Even merely addressing these issues and their palpable reality immediately opens one up to white people screaming about "wokeness", racism, Critical Race Theory, women's lib or whatever boogey man the right wing can conjure in the quivering, pus-oozing pulp that passes for their brains. But the fact is, the 14th amendment that gave full rights and protections to all Americans, including African Americans, was passed by the Senate in 1866 and still took over two years to be ratified into law in 1868. And it still took another 52 years for women to be granted suffrage, with right wingers kicking and screaming every step of the way.

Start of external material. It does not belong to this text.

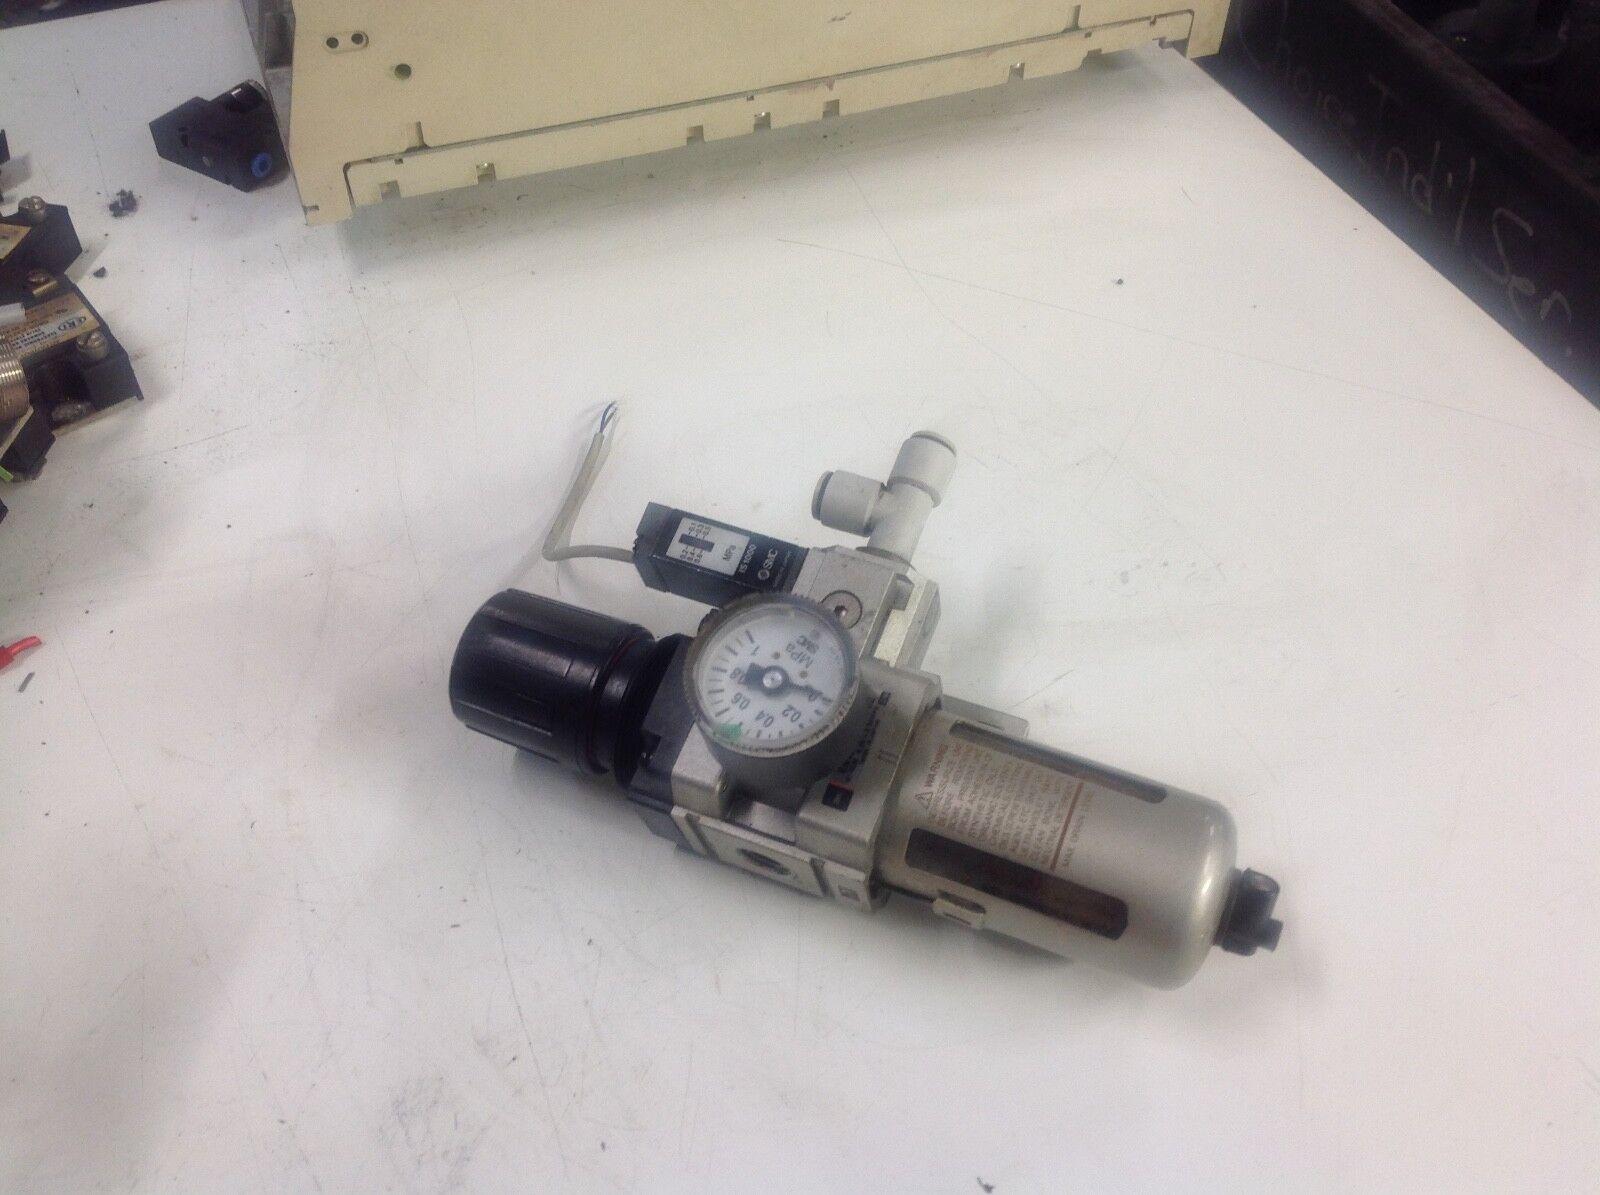 SMC Filter Regulator, EAW3000-F02, w/ Pressure Gage & IS1000 Pressure Switch

Since he's a law school graduate, you'd think Cruz would be clued in that he hadn't been taught anything even remotely like Critical Race Theory until he matriculated in law school. But this is Ted Cruz we're talking about, the cross we all to bear in our slouch back to the 19th century.
That Look
Over the last three days, we've had to endure the Kabuki theater of the Southern Strategy as well as, according to The View's Sunny Hostin, Judge Ketanji Brown Jackson's black woman WTF looks of amazement and confusion at the roar of their electric calliope (to hear the New York Times tell it, however, it was a Zoroastrian pitched battle between good and evil). And while virtually every Republican on the Judiciary Committee tried to take bites out of Judge Jackson, her armor remained impermeable and she's patiently answered all their idiotic questions or, at most, looked at them impassively while one or the other went into a non-germane hissy fit about Critical Race Theory, baby books or, in Lindsey Graham's case, which Guantanamo detainees he wanted to see die in prison (all 39 of them) before storming out of the hearing room like Miss Scarlett with a terminal case of the vapors.

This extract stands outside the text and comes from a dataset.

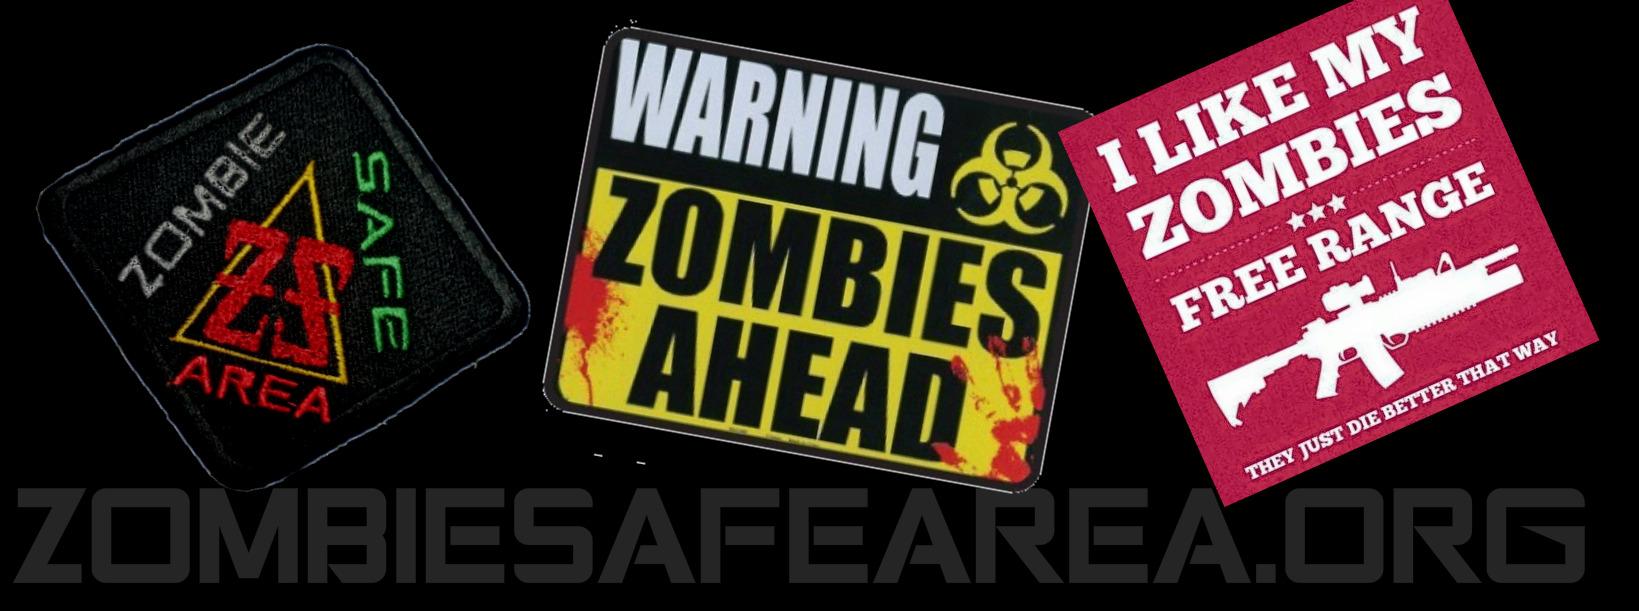 ZSA Zombie Outbreak

It would be easy for white, well-meaning liberals to breezily dismiss this as simple loyal but principled opposition to President Biden's agenda but there's something more evil afoot here. Judge Jackson's confirmation as the nation's first female African American Supreme Court Justice looks almost assured (although we can't be too assured of how coal magnate Joe Manchin will vote when she finally gets out of committee) but since she's been nominated to replace liberal Justice Stephen Breyer, it won't change the power balance on the court one inch. Yet, Republicans are bitterly fighting Judge Jackson tooth and nail every inch of the way as if it will. At least that would be understandable.

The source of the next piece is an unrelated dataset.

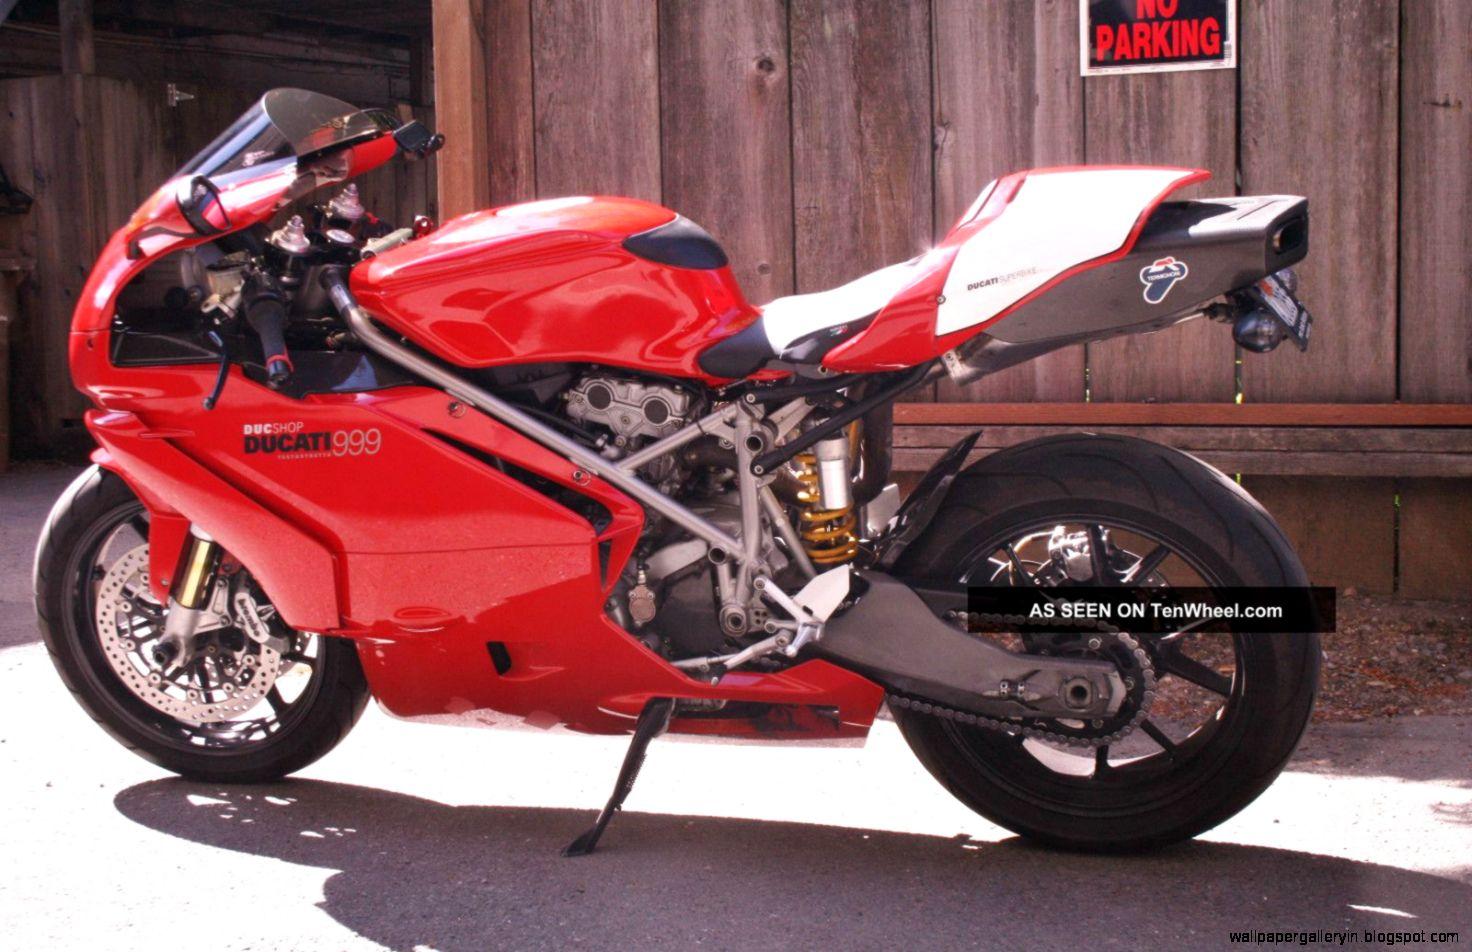 Photo Superbike Ducati 999 Wallpaper Wide 13848 Wallpaper

The bottom line, as far as Judge Jackson's judicial record goes, according to Mitt Romney, "there's no 'there' there." That's why Republicans are trying to yeast into some massive conspiracy papers she'd written as a young defense attorney, the library of the day care of which she's a board member and guidelines agreed upon when she served on a sentencing commission.
And the bottom line beneath that is that, if confirmed, Judge Jackson would be the sole acting Supreme Court Justice to have graduated from an Ivy League law school, clerked for a Supreme Court
justice, served as a public defender, served on the sentencing
commission, served as a U.S. District Court judge as well as a U.S.
Court of Appeals judge.
But the right wingers on the Judiciary Committee, an ongoing cautionary tale as to the perils of white privilege, would have us believe that Judge Jackson is soft on pedophiles and Muslim terrorists. They see Judge Jackson as just another pick axe chipping away at the white, male bulwark that's been in place here since the 17th century. They see her as the beginning of an inevitable slide in which white people are not the only ones to ascend to positions of power in our alleged meritocracy.
There's an old saying that black people have to be twice as good to get half as far as white people. Republicans on the Judiciary Committee are showing us in no uncertain terms that that rancid calculus had been halved again specially for Judge Ketanji Brown Jackson, that a woman of color has to be four times as good as a clownish hack like Brett Kavanaugh to be taken with just one quarter of the seriousness and respect.